By Olivia Le Poidevin
GENEVA, March 3 (Reuters) – Iran’s ambassador to the United Nations in Geneva on Tuesday ruled out for now any negotiations with the United States, three days after the U.S. and Israel launched joint strikes on his country.
Explosions rocked Tehran again on Tuesday, and financial markets around the world tumbled amid fears of a prolonged disruption to global energy supplies. U.S. President Donald Trump and Israel’s Prime Minister Benjamin Netanyahu have given open-ended answers when asked how long the war might last.
Ali Bahreini, ambassador of the Iranian mission to the U.N. in Geneva, told reporters that Iran had not contacted the U.S. either directly or indirectly about holding talks to de-escalate the conflict or about resuming negotiations over Tehran’s nuclear programme.

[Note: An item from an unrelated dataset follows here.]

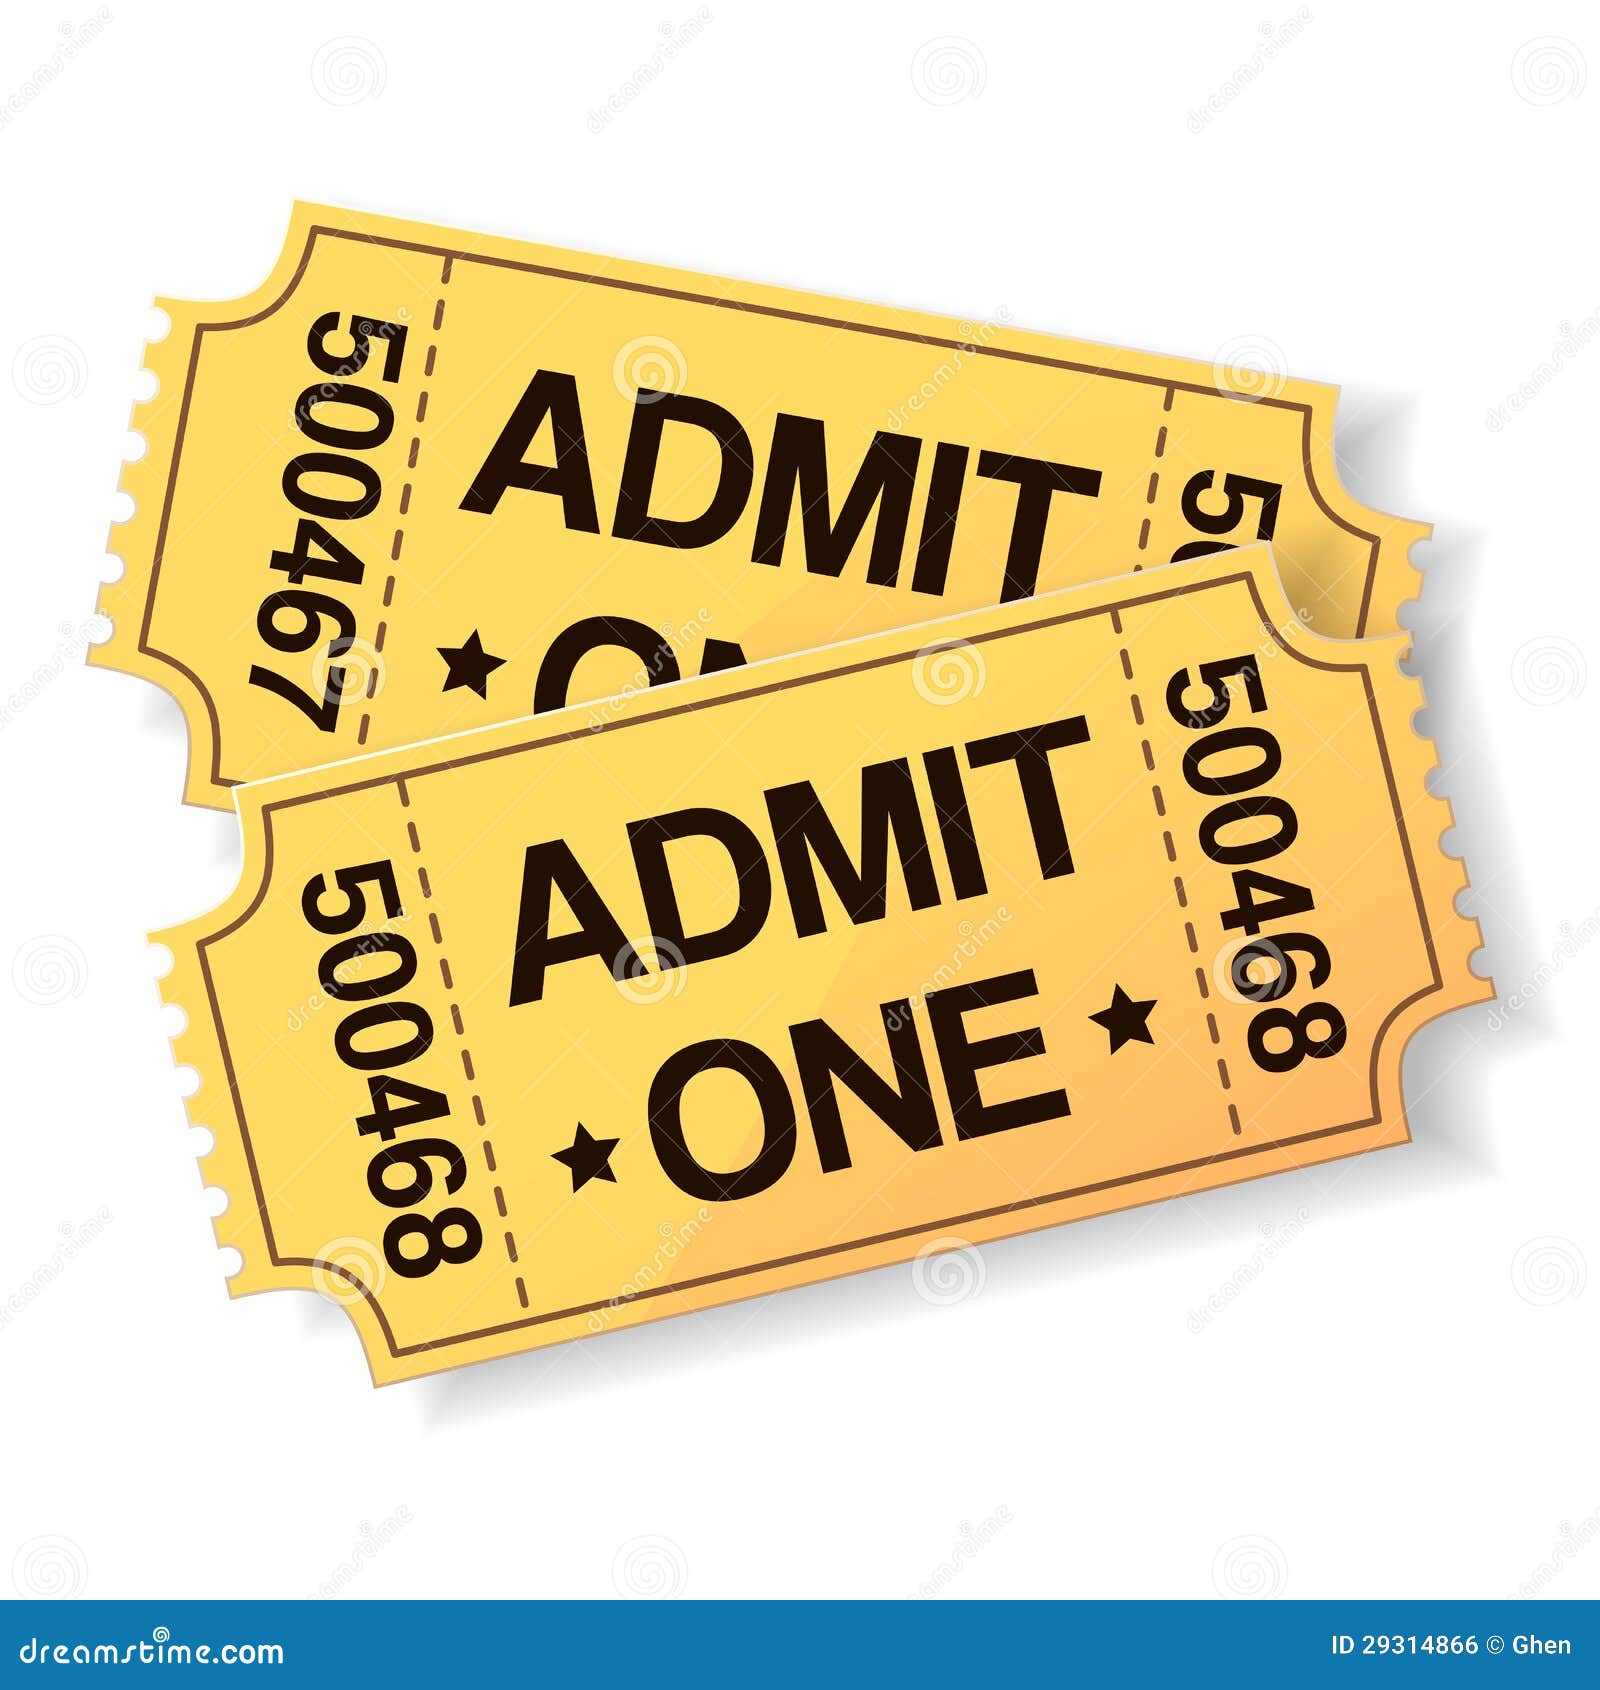 clipart movie ticket image - photo #30

Asked about the prospects for any talks, Bahreini said: “For the time being we are very doubtful about the usefulness of negotiation… The only language for talking with the United States is the language of defence.”

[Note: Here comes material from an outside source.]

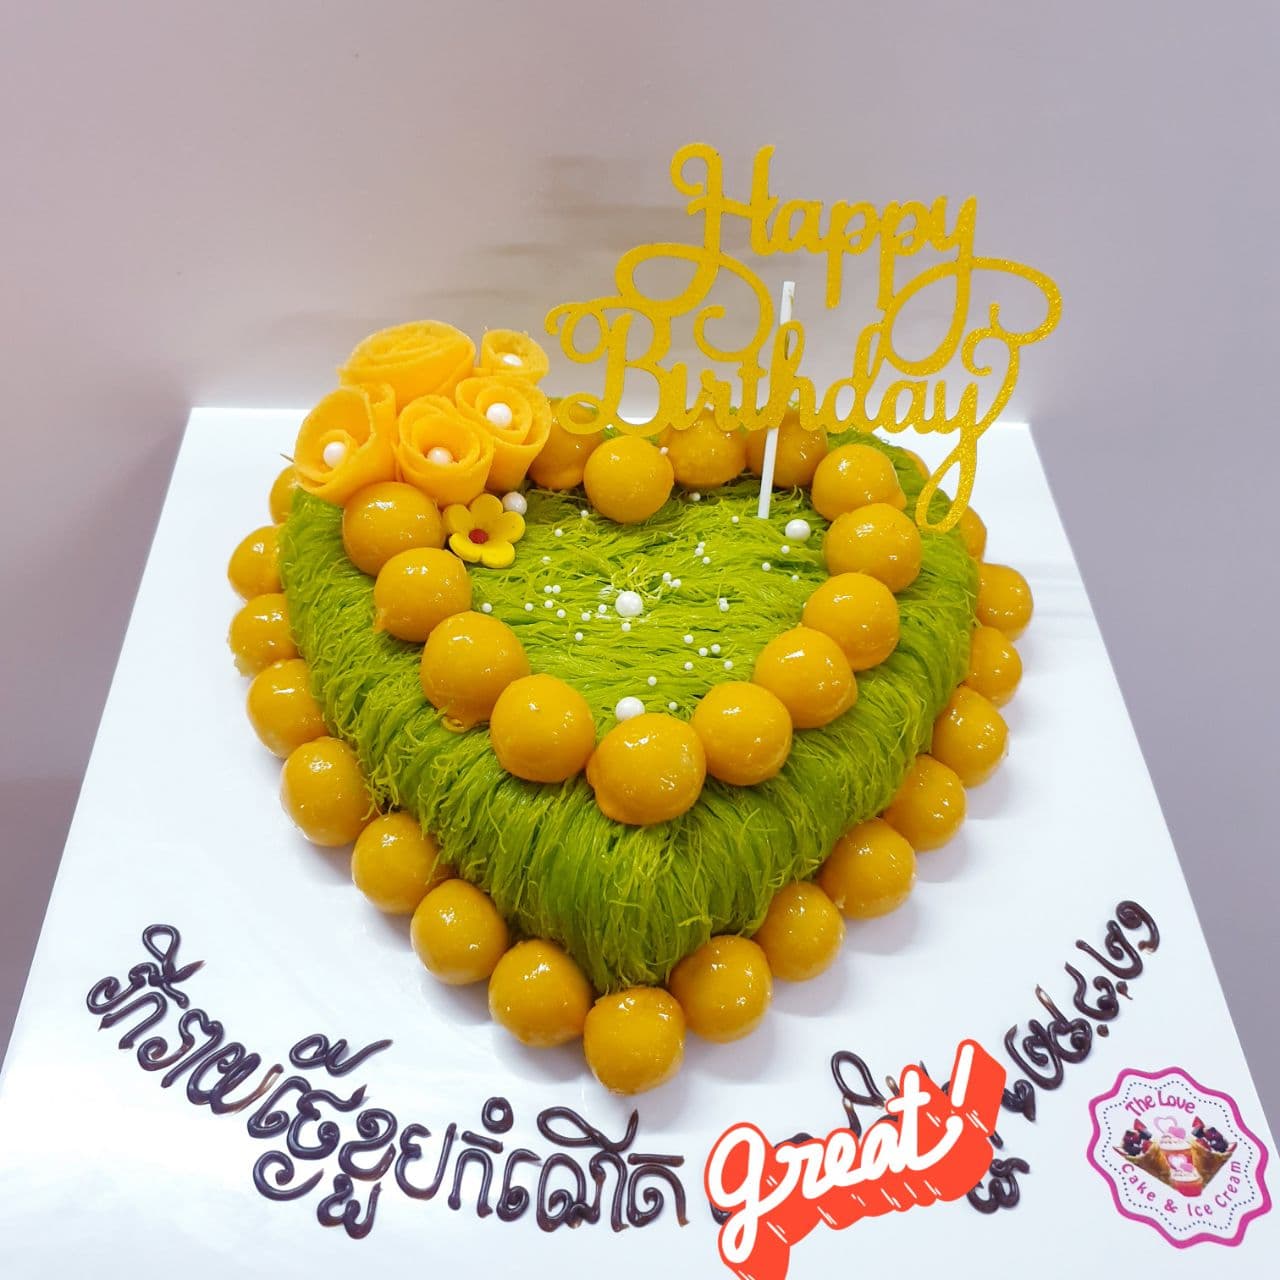 05.Heart-shaped green fiber cake

“I don’t think it is a time for having any kind of negotiation from our side,” he added.
Iranian and U.S. negotiators held talks in Geneva last Thursday which Oman, their mediator, said had produced progress, but the U.S. and Israel began their airstrikes on Iran two days later, killing Supreme Leader Ali Khamenei and other senior Iranian officials and triggering a regional crisis.
Iran has retaliated by firing missiles and drones at neighbouring Gulf Arab states and at Israel and by strangling shipping through the Strait of Hormuz, where a fifth of the world’s oil and huge volumes of gas skirt its coastline.
Trump has suggested the war could take four or five weeks, while Netanyahu has said it is “not going to take years”.
A source familiar with Israel’s war plan told Reuters on Tuesday that the Israeli campaign had been planned to last two weeks and was moving faster than expected.